Supposedly there is an out (but only with a cable subscription – which seems to serve the purposes of NBC’s owner Comcast) to access all events live and online, but as anyone who has suffered with that service knows, it is unreliable, crashes, repeatedly buffers, and is heavily laden with ads imposed at short intervals that can and do interrupt events at critical moments.
Worst Reaction to An Olympic Gold Medalist
Gold: Some Haters on the Internet to Gabby Douglas’ Hair
Why: We consider this self evident.
Most Dickish Profile of an Olympic Athlete
Gold: Jere Longman, New York Times. For Lolo Jones, Everything Is Image
Why: From Slate’s Alyssa Rosenberg:
[A]s Olympic gymnastics and swimming competitions wound down and London and the world geared up for track and field, the New York Times published one of the nastiest profiles I’ve ever seen of an athlete, or really anyone, an indictment of the media presence of hurdler Lolo Jones. “Jones has decided she will be whatever anyone wants her to be—vixen, virgin, victim—to draw attention to herself and the many products she endorses,” wrote Jere Longman, in a piece that flayed Jones, while passing less judgment on the media outlets that have asked her to pose while scantily dressed or the companies that have purchased her endorsement.
In an Olympics that’s been marked by stories about the financial woes of athletes, and the financial disparities between the families of competitors, there’s something deeply strange about condemning a competitor for doing what it takes to fund a rigorous training program and to stay financially afloat.
See also, Isaac Rauch, Deadspin. What Did Lolo Jones Ever Do To The New York Times?

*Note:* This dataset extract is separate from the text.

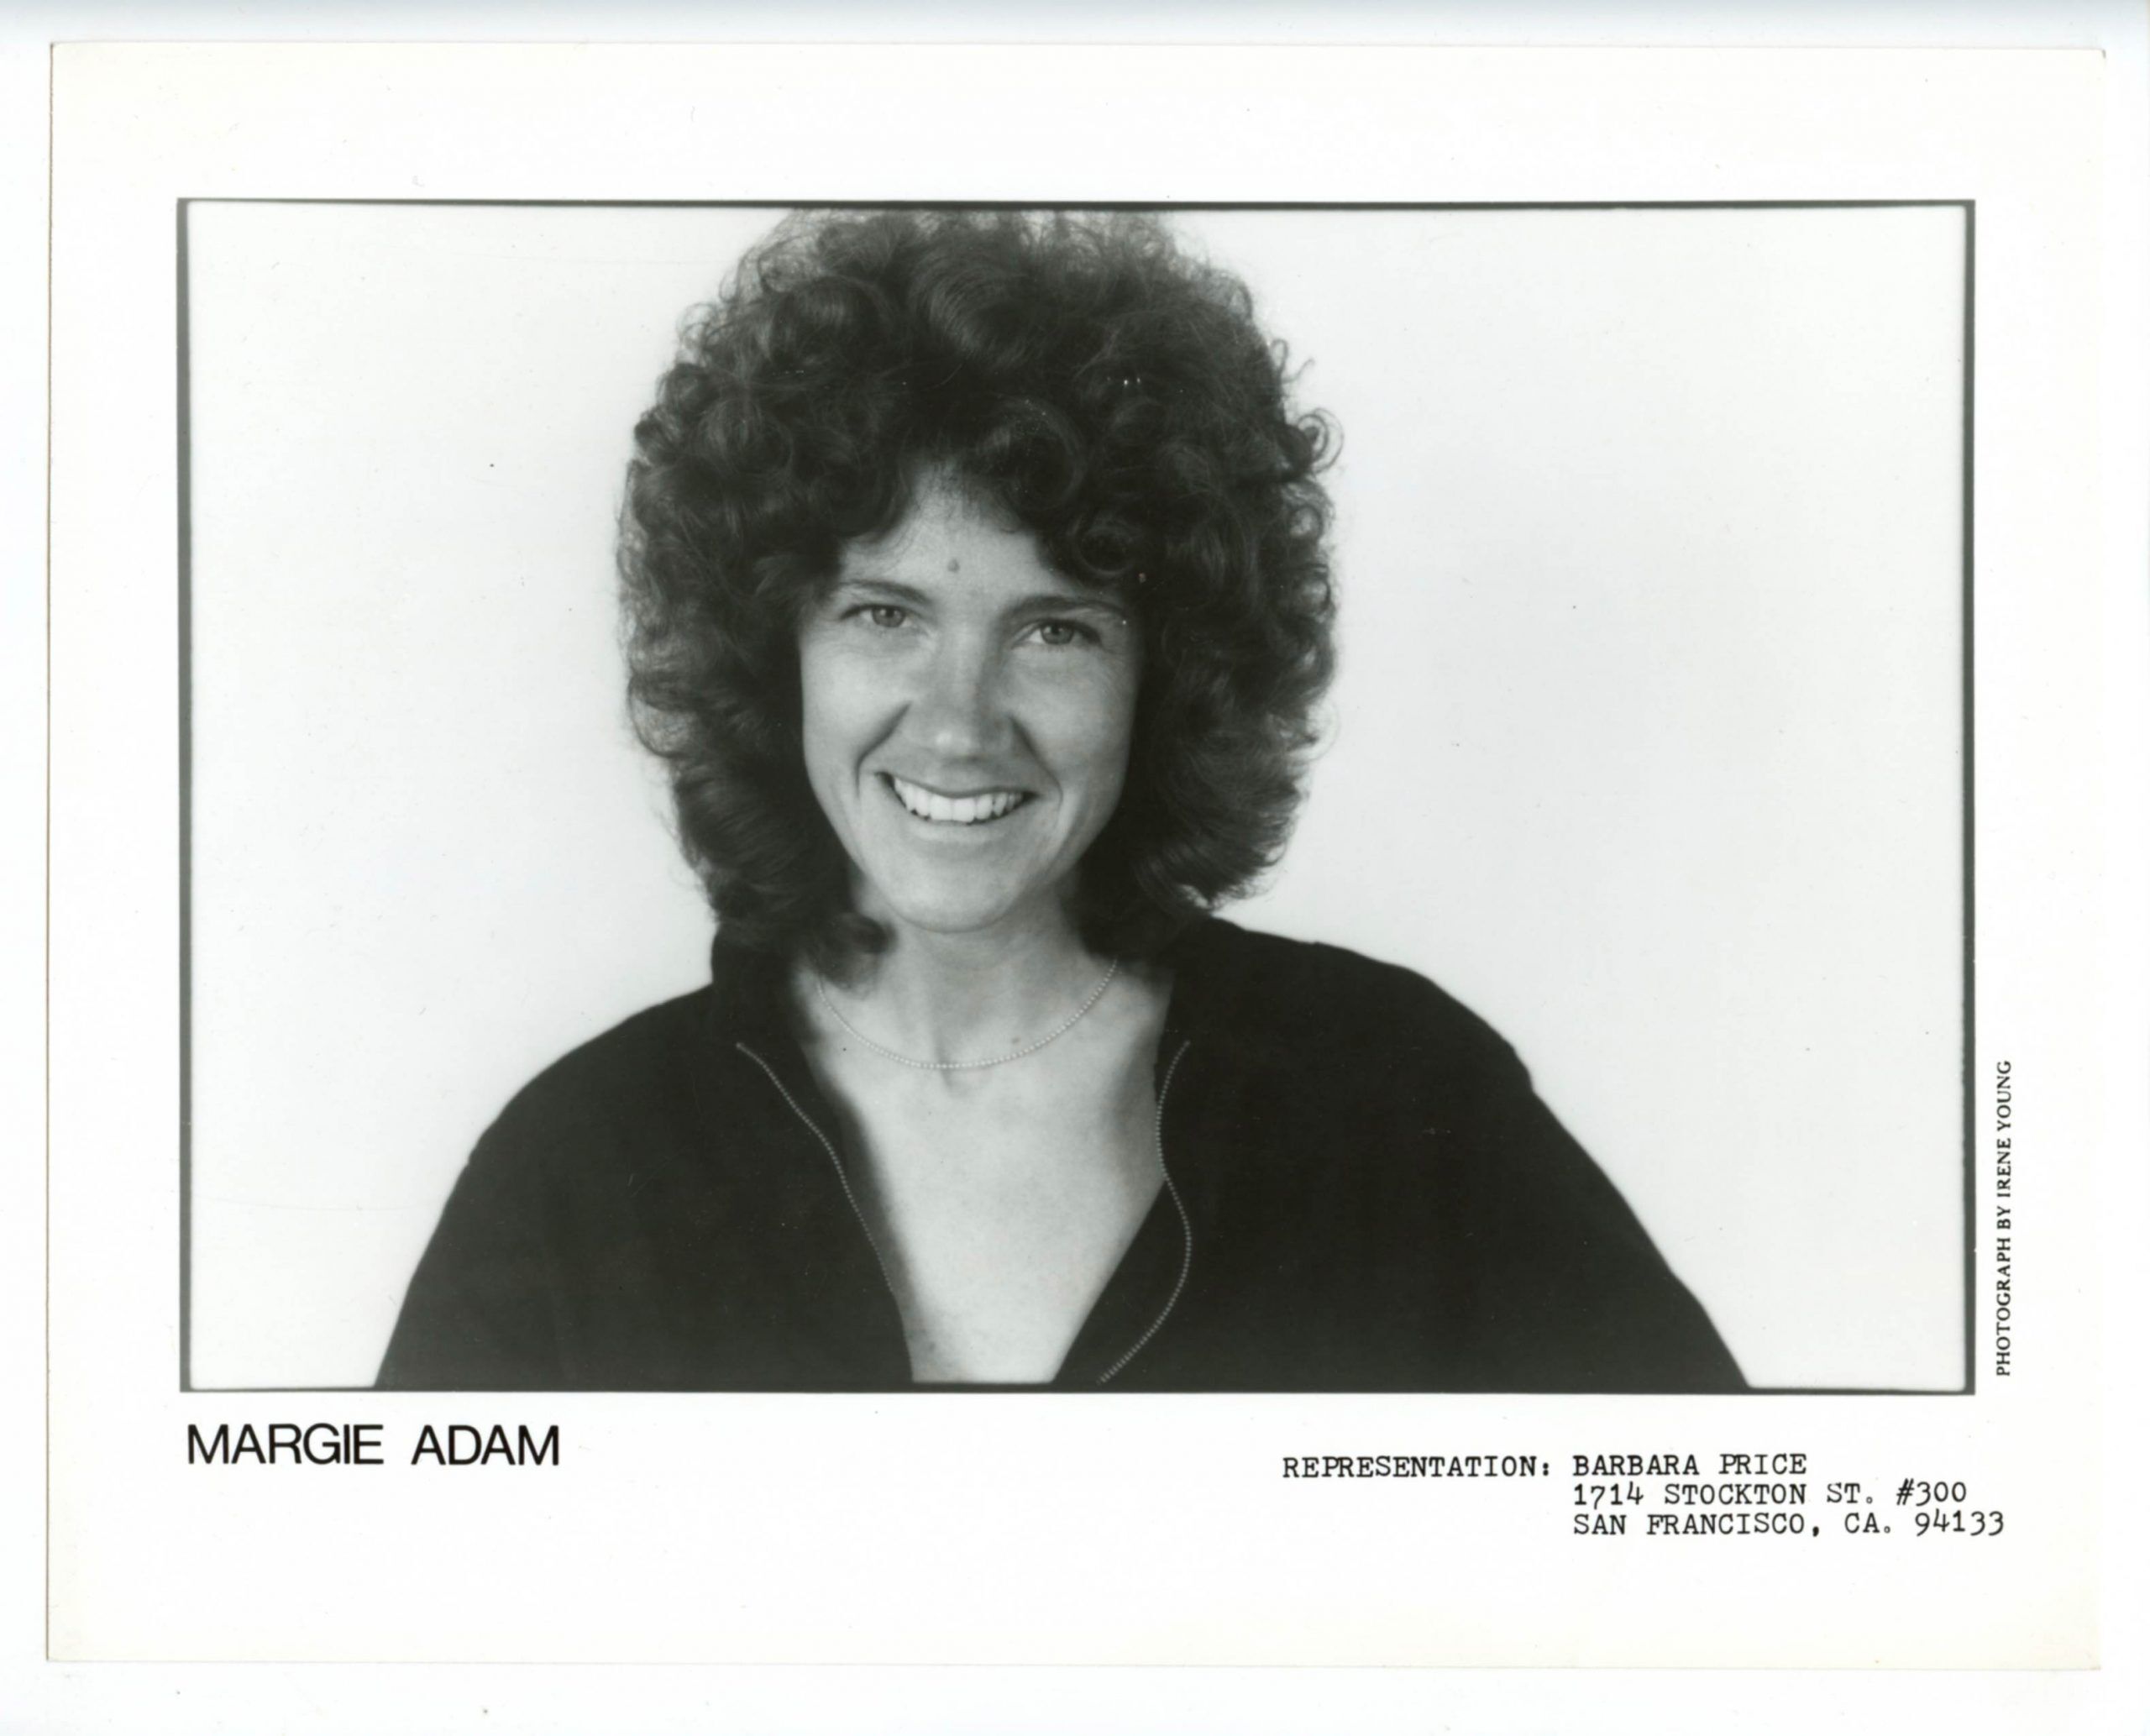 Margie Adam Photo 1970s Publicity Promotion

Worst Reaction to Olympic Media Criticism
Gold: (tie) Twitter and NBC
Why: As #NBCFail trended to a fever pitch, Twitter informed NBC how to file a complaint against British journalist Guy Adams for posting the corporate email address of NBC Olympics President Gary Zenkel.
NBC followed through and Adams’ account was suspended until public outcry eventually got him reinstated.